I get the feeling from this notice and indeed the other FSA statements this week, that it is on a quest for the perfect adviser and the perfect advice. It may be searching for the perfect transition. But even if it is possible, which I doubt, fining isn’t going to get anyone there any faster.














@Phil. The figs to which I referred only included funds which had survived 20 years – so survivorship bias does exist here. My point was simply that whilst I accept that passive will usually beat active it is less likely to do so once the costs of advice and platform have been added.
I would have no problem with the idea that investors should only buy passive but am somewhat cynical about the way that some advocates of passives add a great deal of cost actively managing passives.
Of course, John Blackmores arguments only cover some of the picture. What his figures show is that 50% of active funds will have done, and will do worse that the index. All index funds WILL match the index. So given the high rates of turnover within the fund industry, and the inherent ‘gain’ made by survivorship bias which pushes ‘Active’ avarage figures up, how do you tell 20 years in advance the very small number of funds which will outperform the index?
Why bother? Just buy the index and do the Financial Planning.

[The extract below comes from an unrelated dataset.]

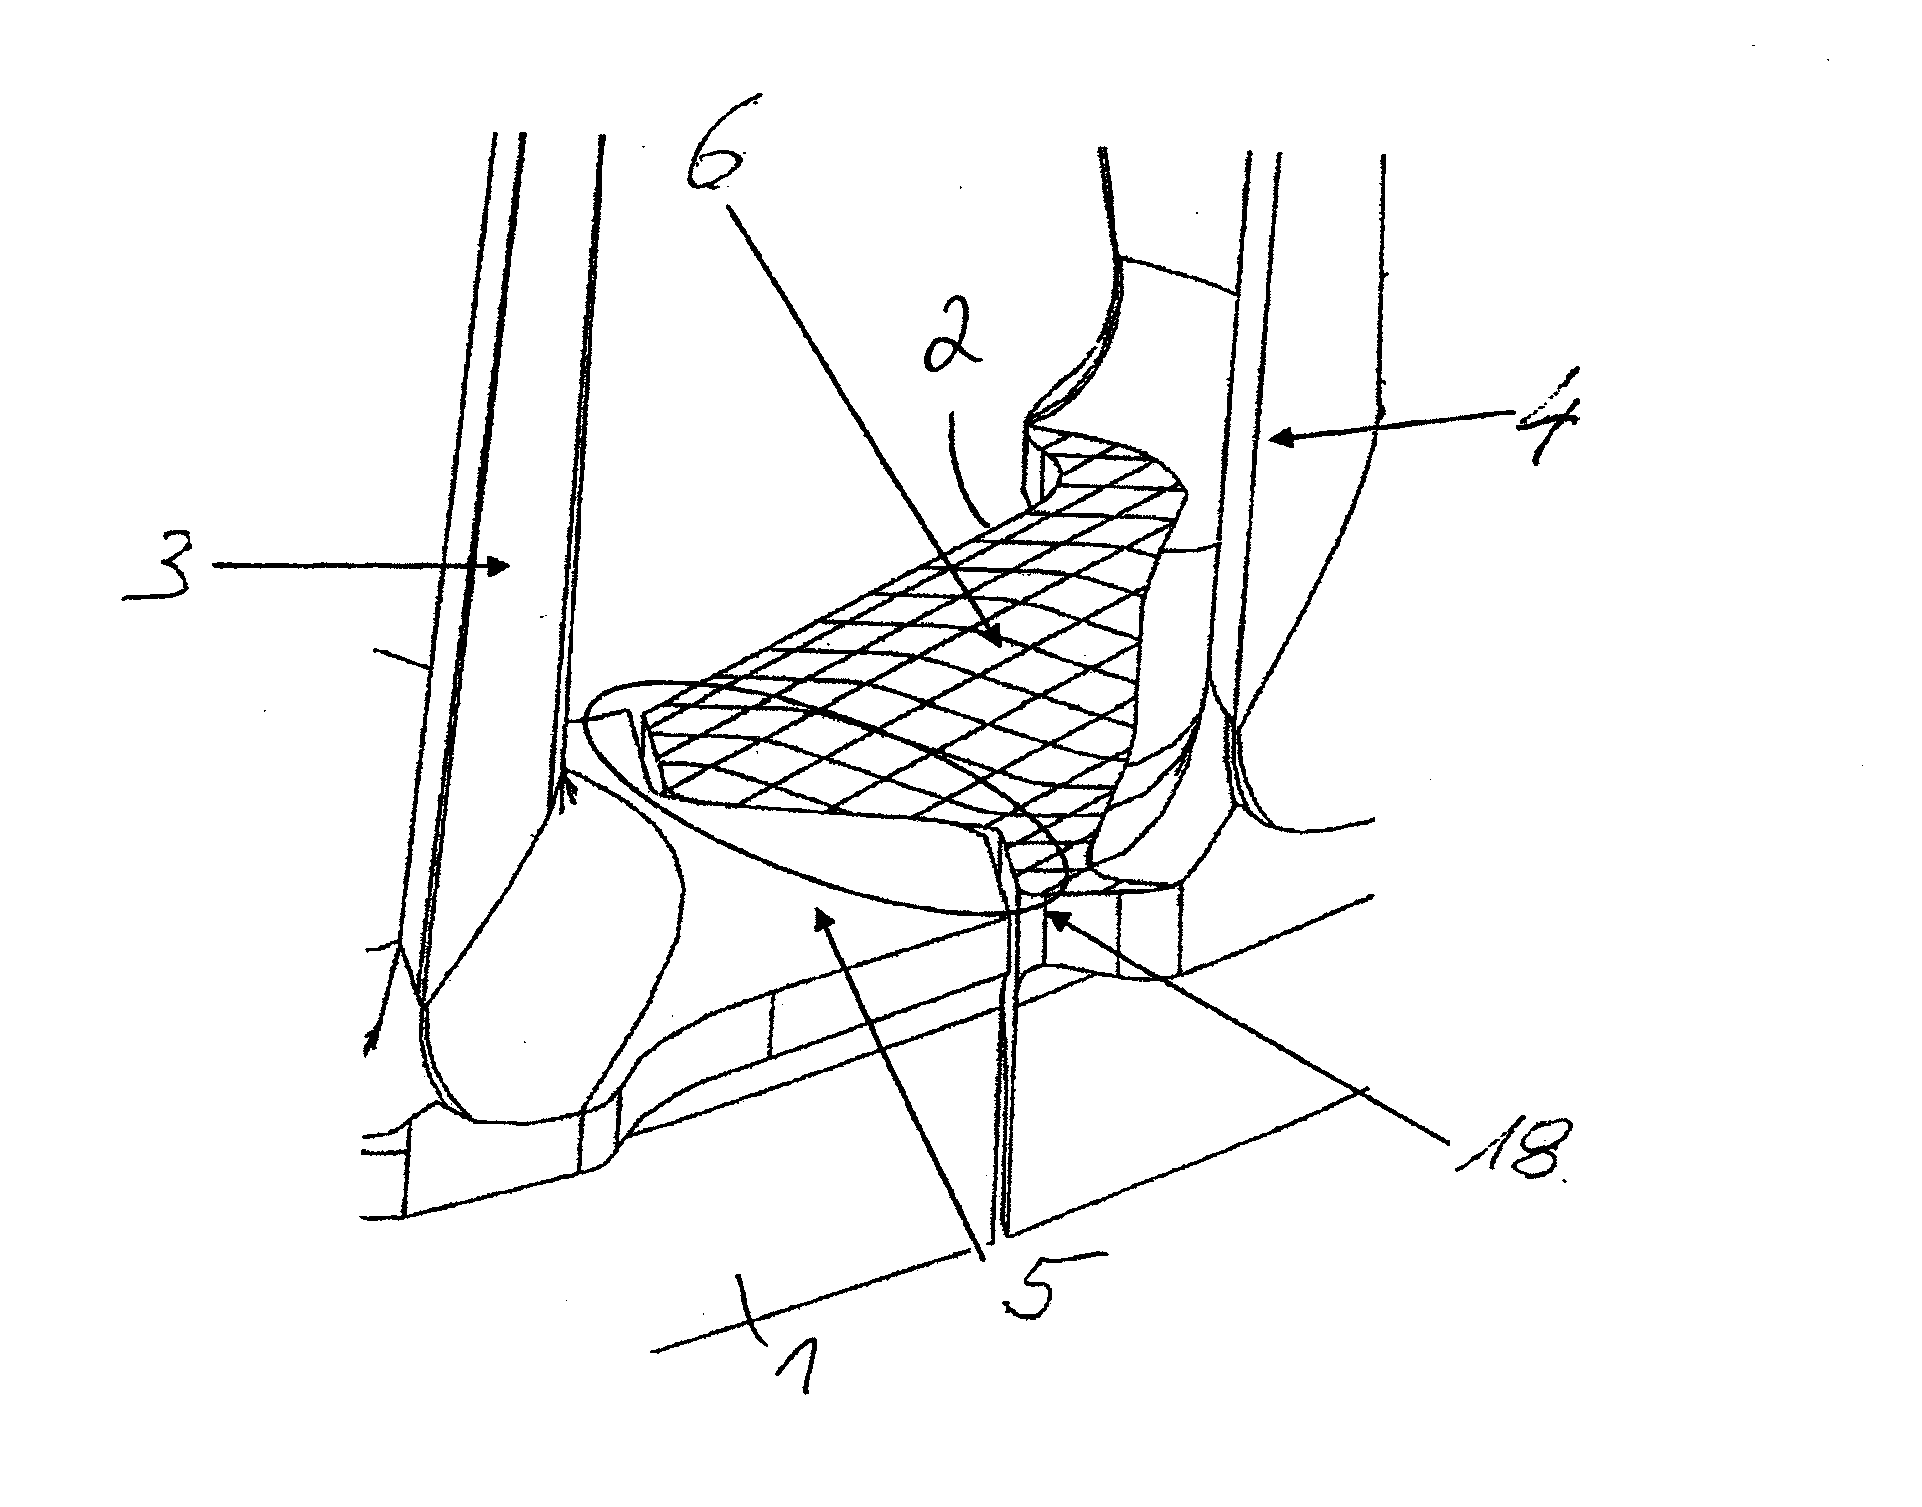 Blade ring segment having an annular space delimiting surface having a wavy height profile and a method for manufacturing same

There are a couple of other issues here:
Firstly, if we do assume that Adviser fees do actually rise to match the cut in costs, then that represents a transfer of power and wealth to those who add value to clients and who take all the liability. That is not just ‘Cost neutral’, but a change that really makes a difference to clients in the long term.
Secondly, it changes the relationship from ‘Distributor’ to ‘Adviser’ more explicilty than most other changes. It’s not the only way to do this, but it helps!
All this active vs. passive stuff reminds me of the glory days of investment trusts when there was loads of assertions about closed ended funds being better than open ended. In the end the answer was “It depends”..
Whilst I do see that David has some interesting points to make on charges it would be silly to base any investment decision on them alone. Also I have yet to meet anyone who selects an active fund manager on the basis that they are going to underperform! The question then is why select active over passive or vice versa? Firstly asset allocate to appropriate markets, sectors and asset classes. Then decide if you think it is possible, within the clients risk budget, to find a manager who can beat the passive option. If yes then use the active manager, if not find the most cost efficient way of getting passive exposure to that market.
As the meerkats keep telling us simples..
Interesting but largely irrelevant spin in my view. The reader is presumably supposed to look at these drag figs and conclude that passive is better ?
The figs I have show that over the last 20 years the dimensional uk value index grew by 8.96% pa, the FTSE all-share by 8.06% pa, the Dimensional uk small cap by 7.78% pa and the Morningstar fund average by 7.67% pa
So there you have it – passive beats active. BUT what happened to the nasty trading costs ?
Also if we take the average of the 3 passives ( It would hardly be fair to just pick the best figure) we get passive growing at 8.27% pa . Add to this the cost of advice and the cost of a platform and now active is cheaper.
The only conclusion that I can reach is that those who “advise” on passive will spin one way and those who “sell” active will spin another. In reality neither way is inherently better and it would be foolish to predict in advance which approach might give the best performance over the next 20 years.